Exercise brief | The answer should be every line below, repeated exactly, with the images left out.

Information supplied |
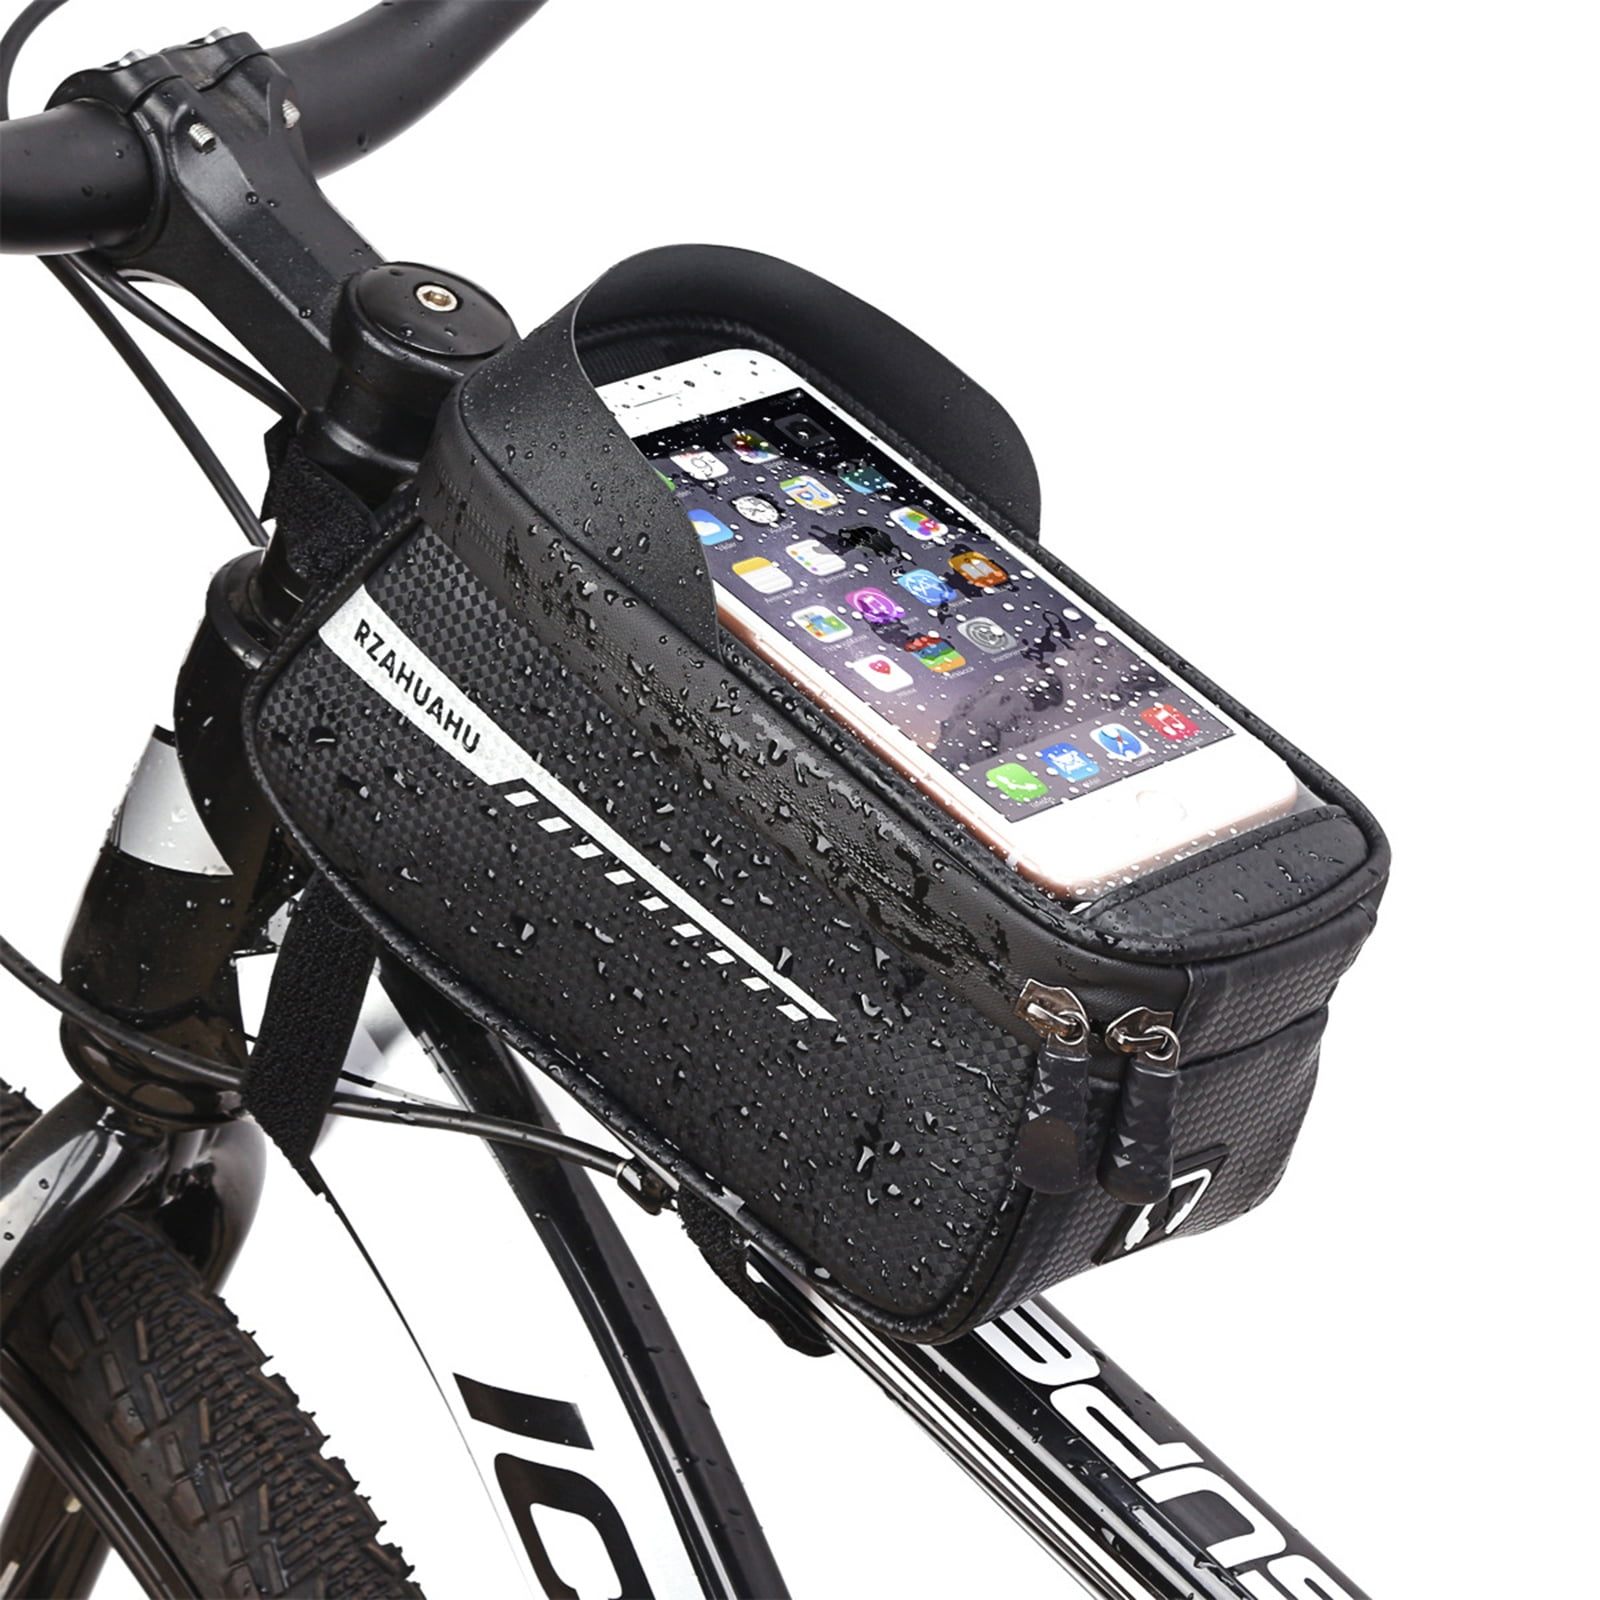 Details about   WILDMAN Bicycle 6.9" Touch Screen Phone Bag Waterproof Front Frame MTB Bike Bag 
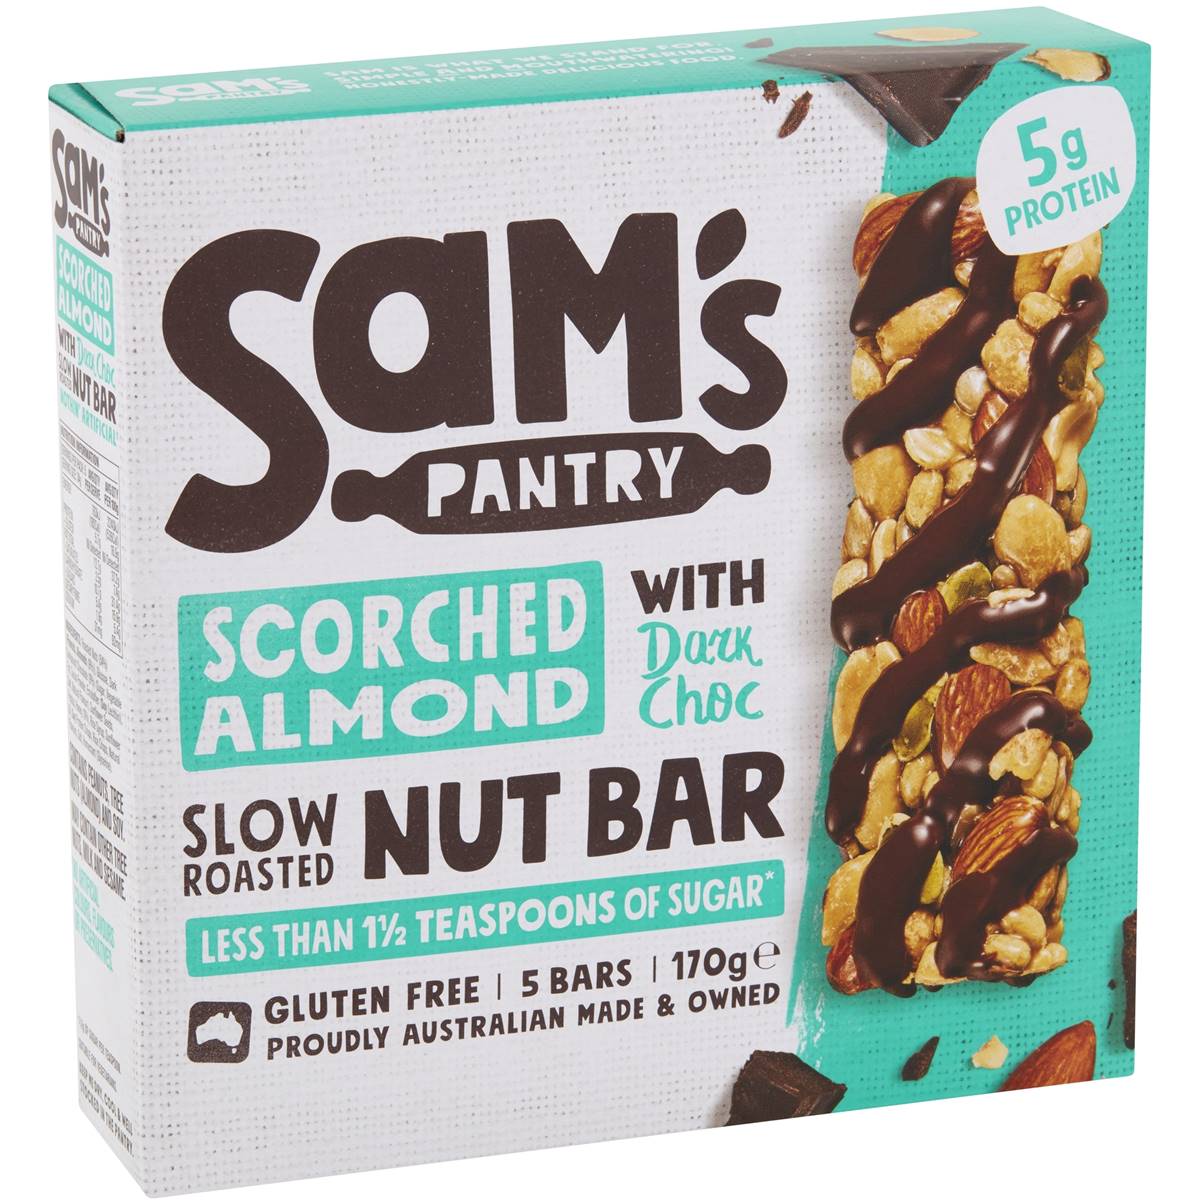 Calories in Sam's Pantry Scorched Almond Nut Bar
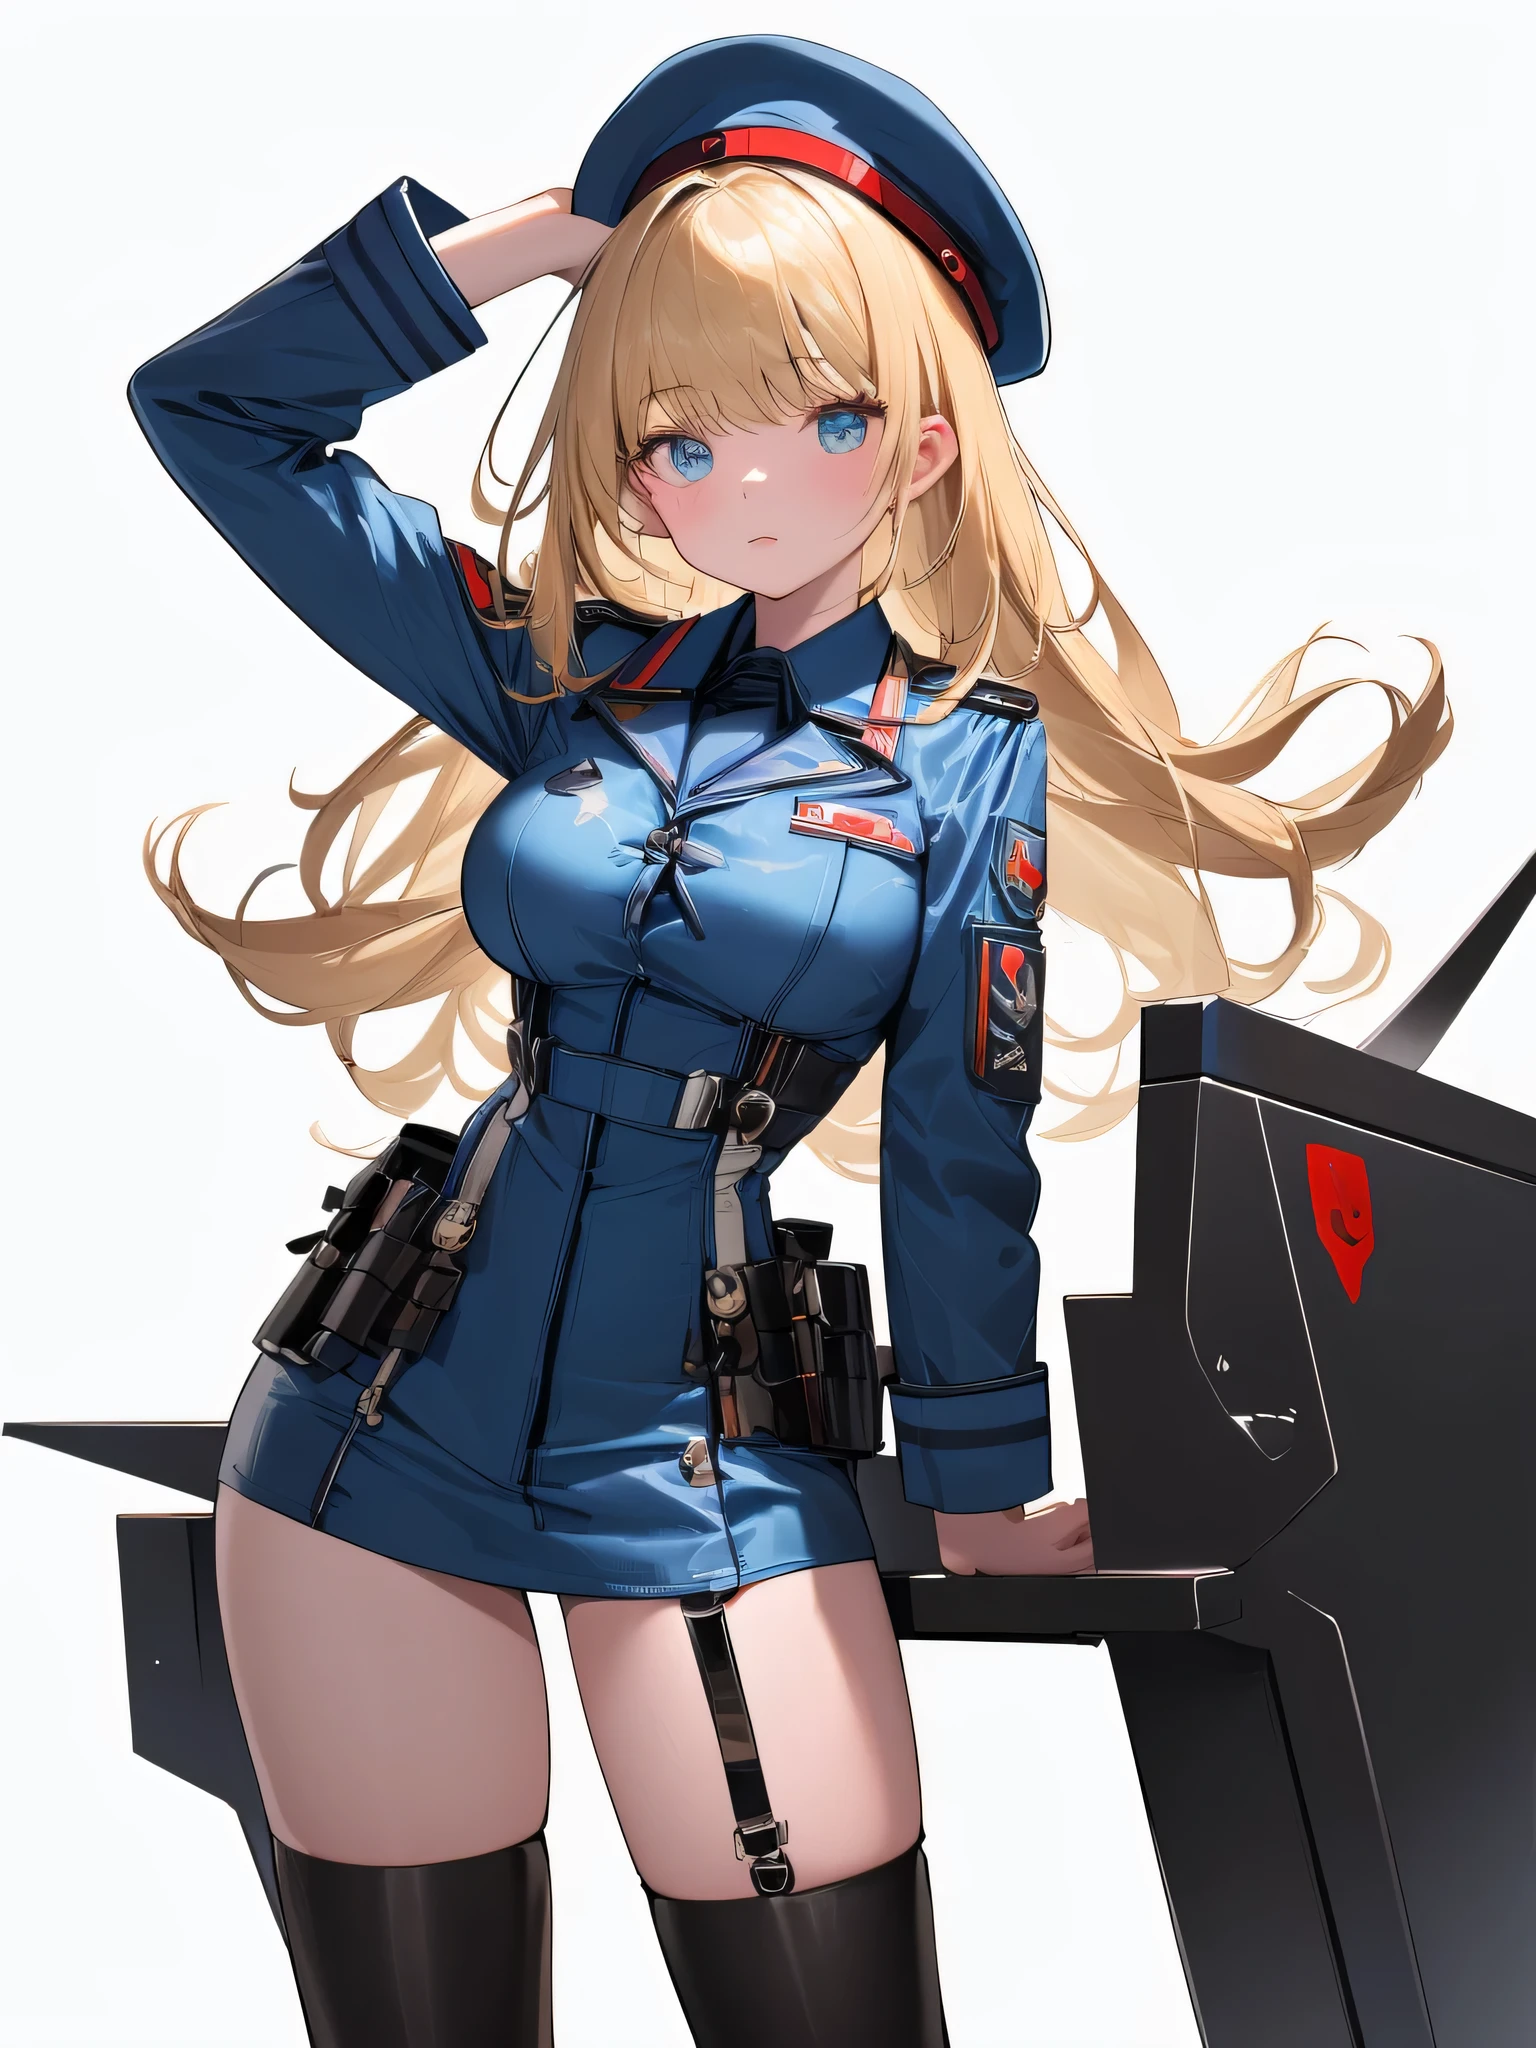 ((Best quality, 8K, Ultra-detailed, Masterpiece: 1.3)), 3 girl, Shiny skin, Sharp, Perfect body beauty, realistic shadow perfect body,("Dark grey and deep blue navy officer uniform,beret,futuristic,Transparent ":1.2),Big_Breasts ,Young girl, short girl,upper legs , indoors, White background,cleavage, standing arms down, fighter pilot harness,M legs， your ass, ("ahoge,Blonde long hair":1.5), portrait shot,(" no background,no object":2)

Answer to this problem |
 Details about   WILDMAN Bicycle 6.9" Touch Screen Phone Bag Waterproof Front Frame MTB Bike Bag 
 Calories in Sam's Pantry Scorched Almond Nut Bar
 ((Best quality, 8K, Ultra-detailed, Masterpiece: 1.3)), 3 girl, Shiny skin, Sharp, Perfect body beauty, realistic shadow perfect body,("Dark grey and deep blue navy officer uniform,beret,futuristic,Transparent ":1.2),Big_Breasts ,Young girl, short girl,upper legs , indoors, White background,cleavage, standing arms down, fighter pilot harness,M legs， your ass, ("ahoge,Blonde long hair":1.5), portrait shot,(" no background,no object":2)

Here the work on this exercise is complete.